### Data block

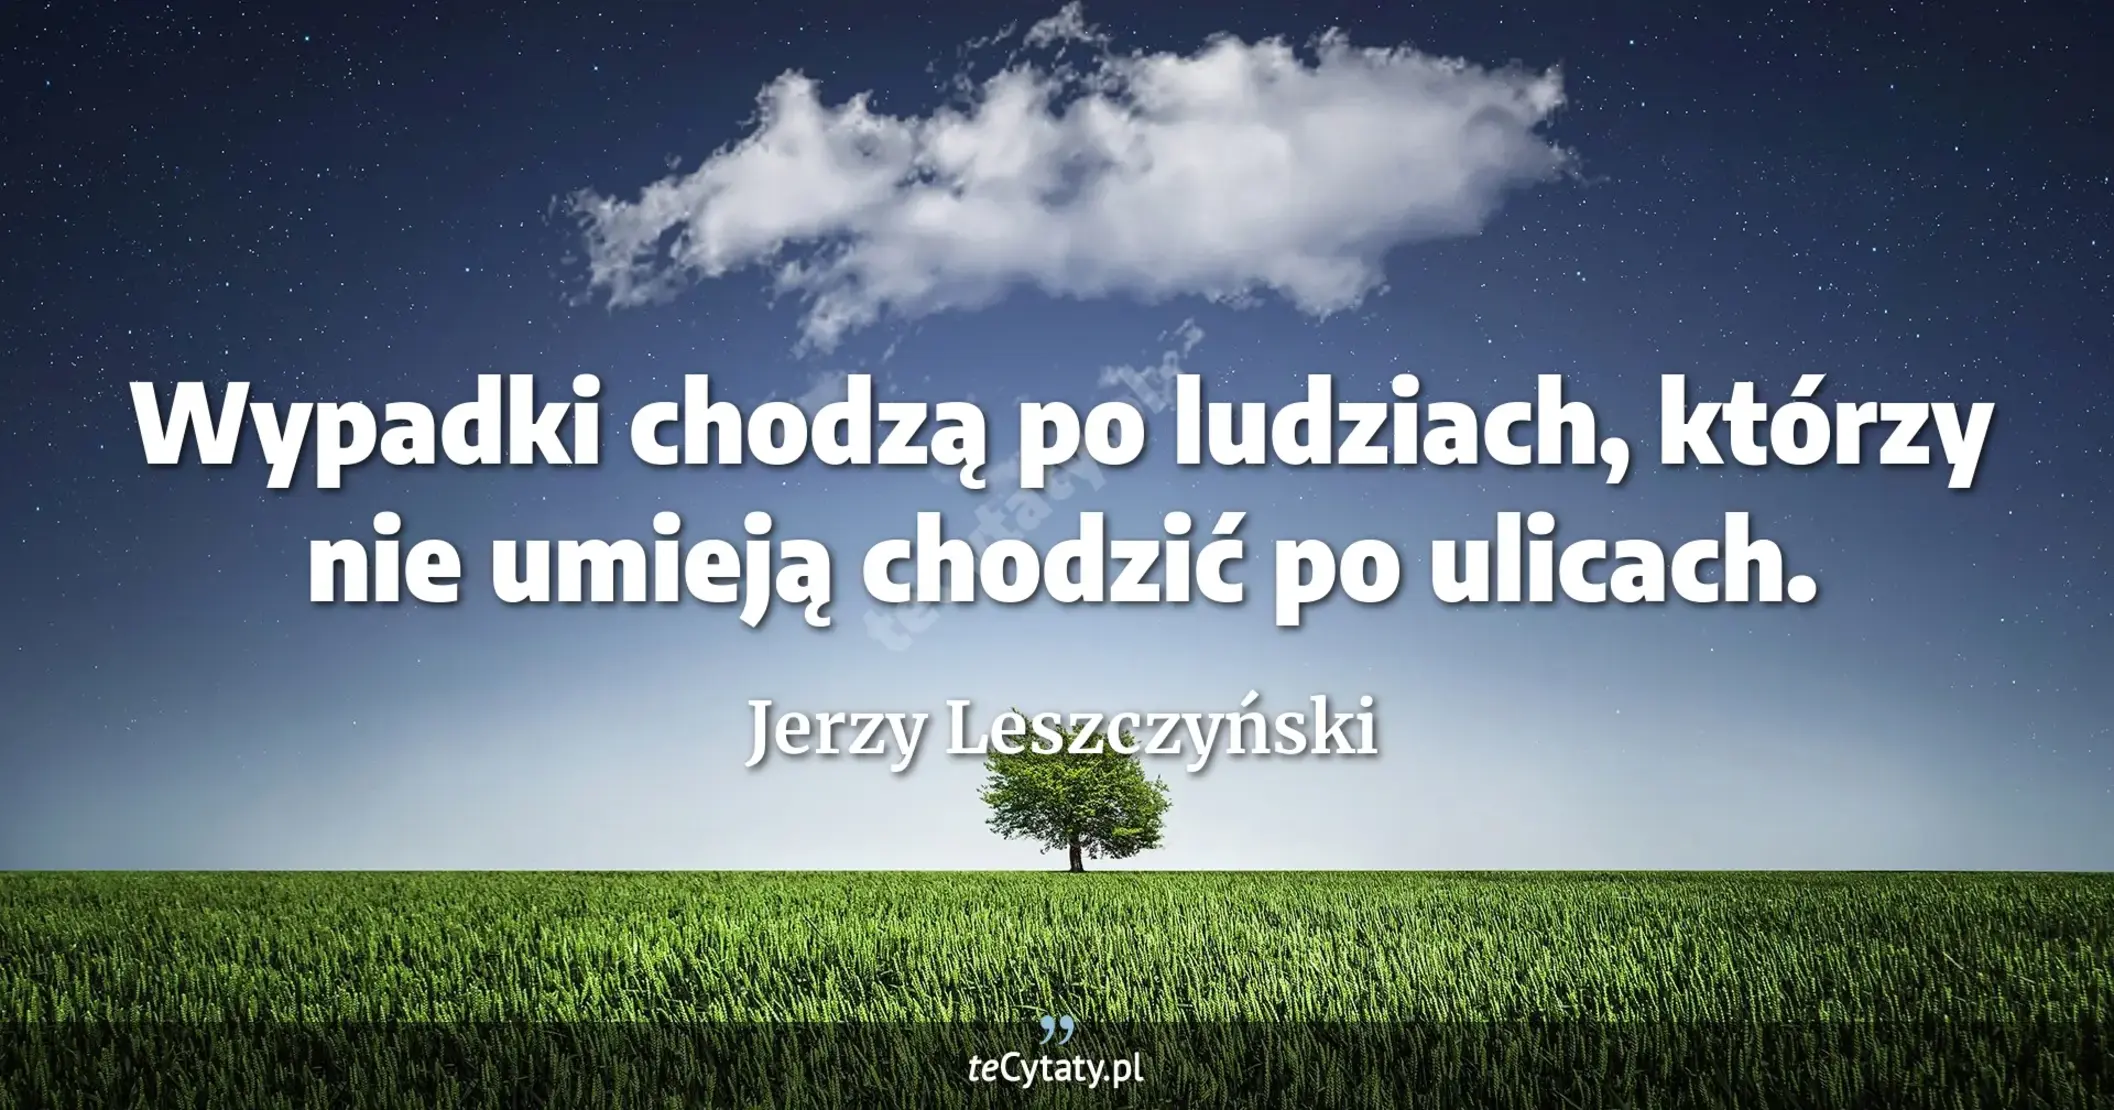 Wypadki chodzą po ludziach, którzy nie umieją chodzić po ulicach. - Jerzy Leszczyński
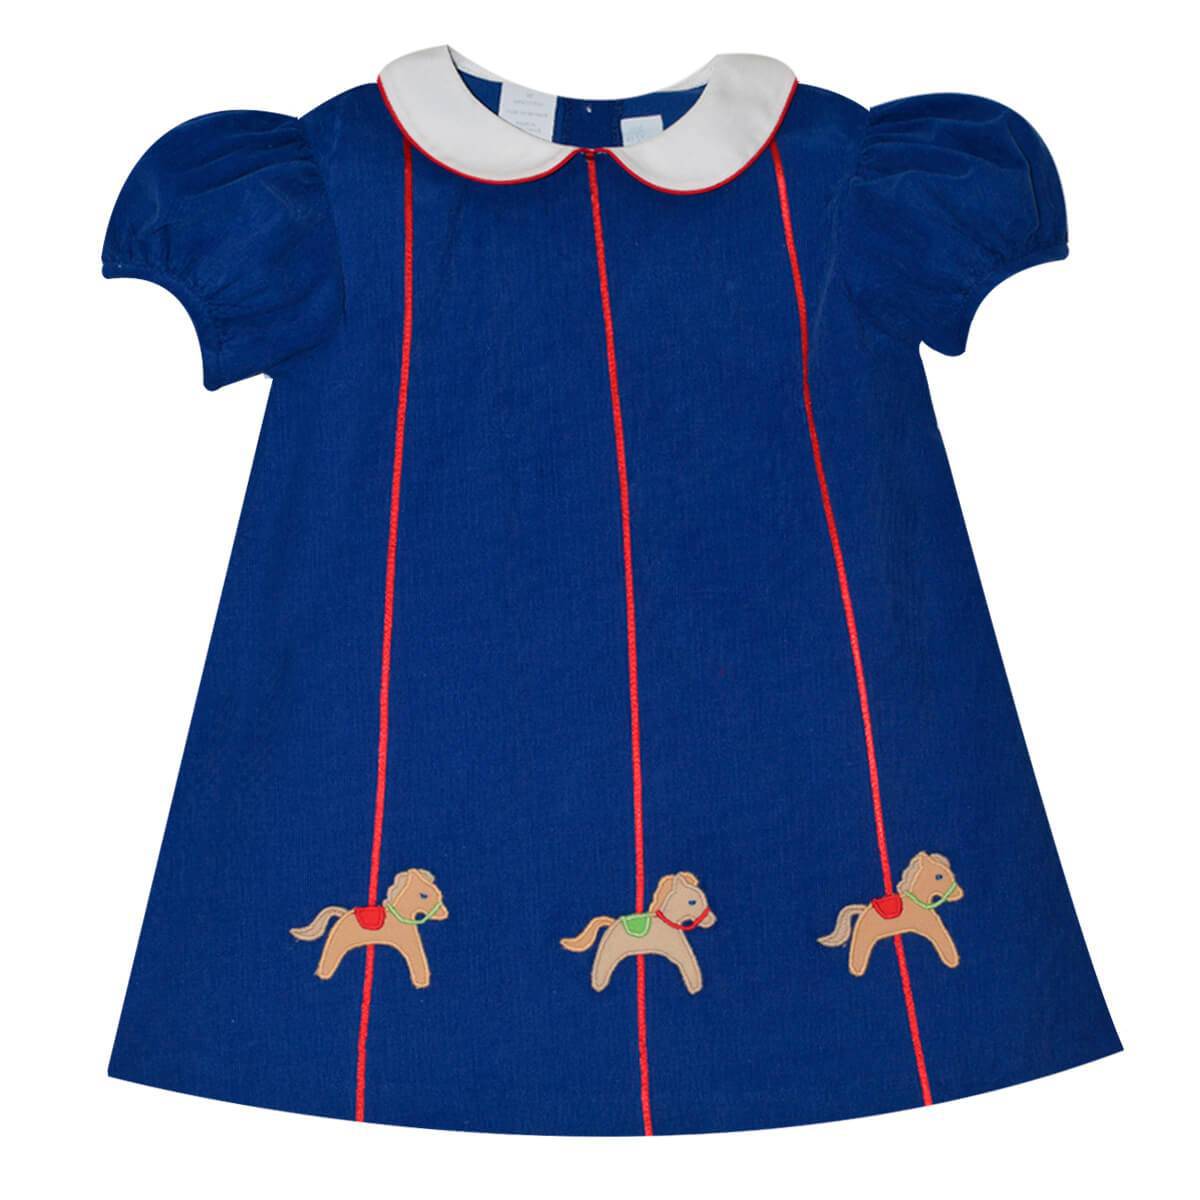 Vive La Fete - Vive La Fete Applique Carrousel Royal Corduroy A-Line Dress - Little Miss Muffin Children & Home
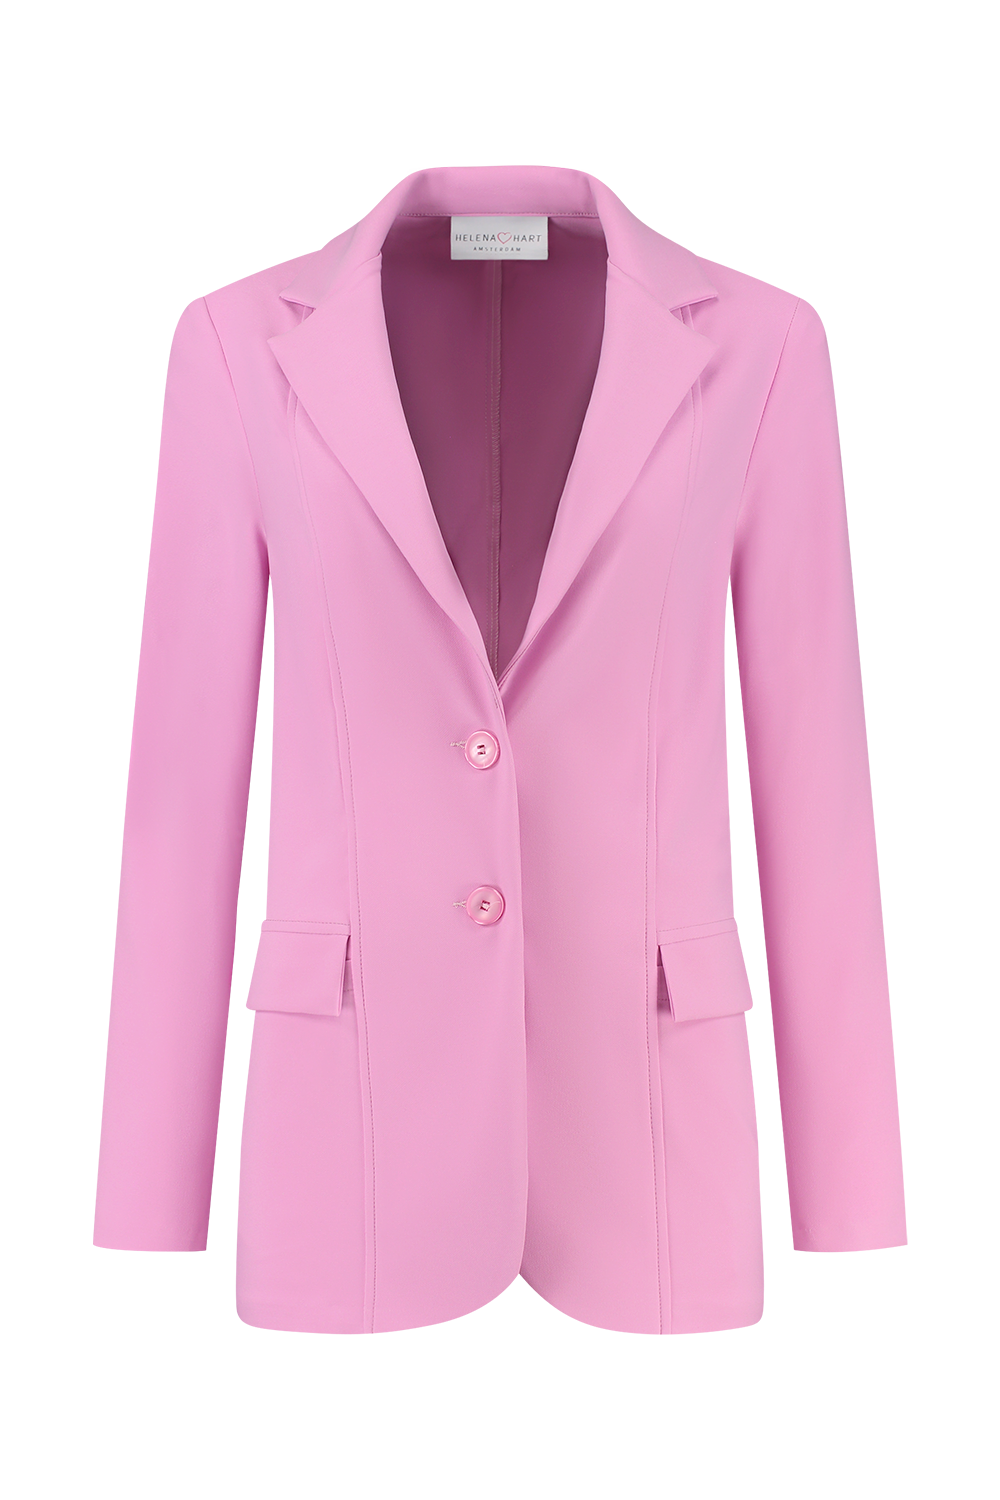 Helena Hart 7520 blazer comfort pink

######

Exercise details:
Return the complete material exactly as given, excluding images.

Answer space:
 Wypadki chodzą po ludziach, którzy nie umieją chodzić po ulicach. - Jerzy Leszczyński
 Vive La Fete - Vive La Fete Applique Carrousel Royal Corduroy A-Line Dress - Little Miss Muffin Children & Home
 Helena Hart 7520 blazer comfort pink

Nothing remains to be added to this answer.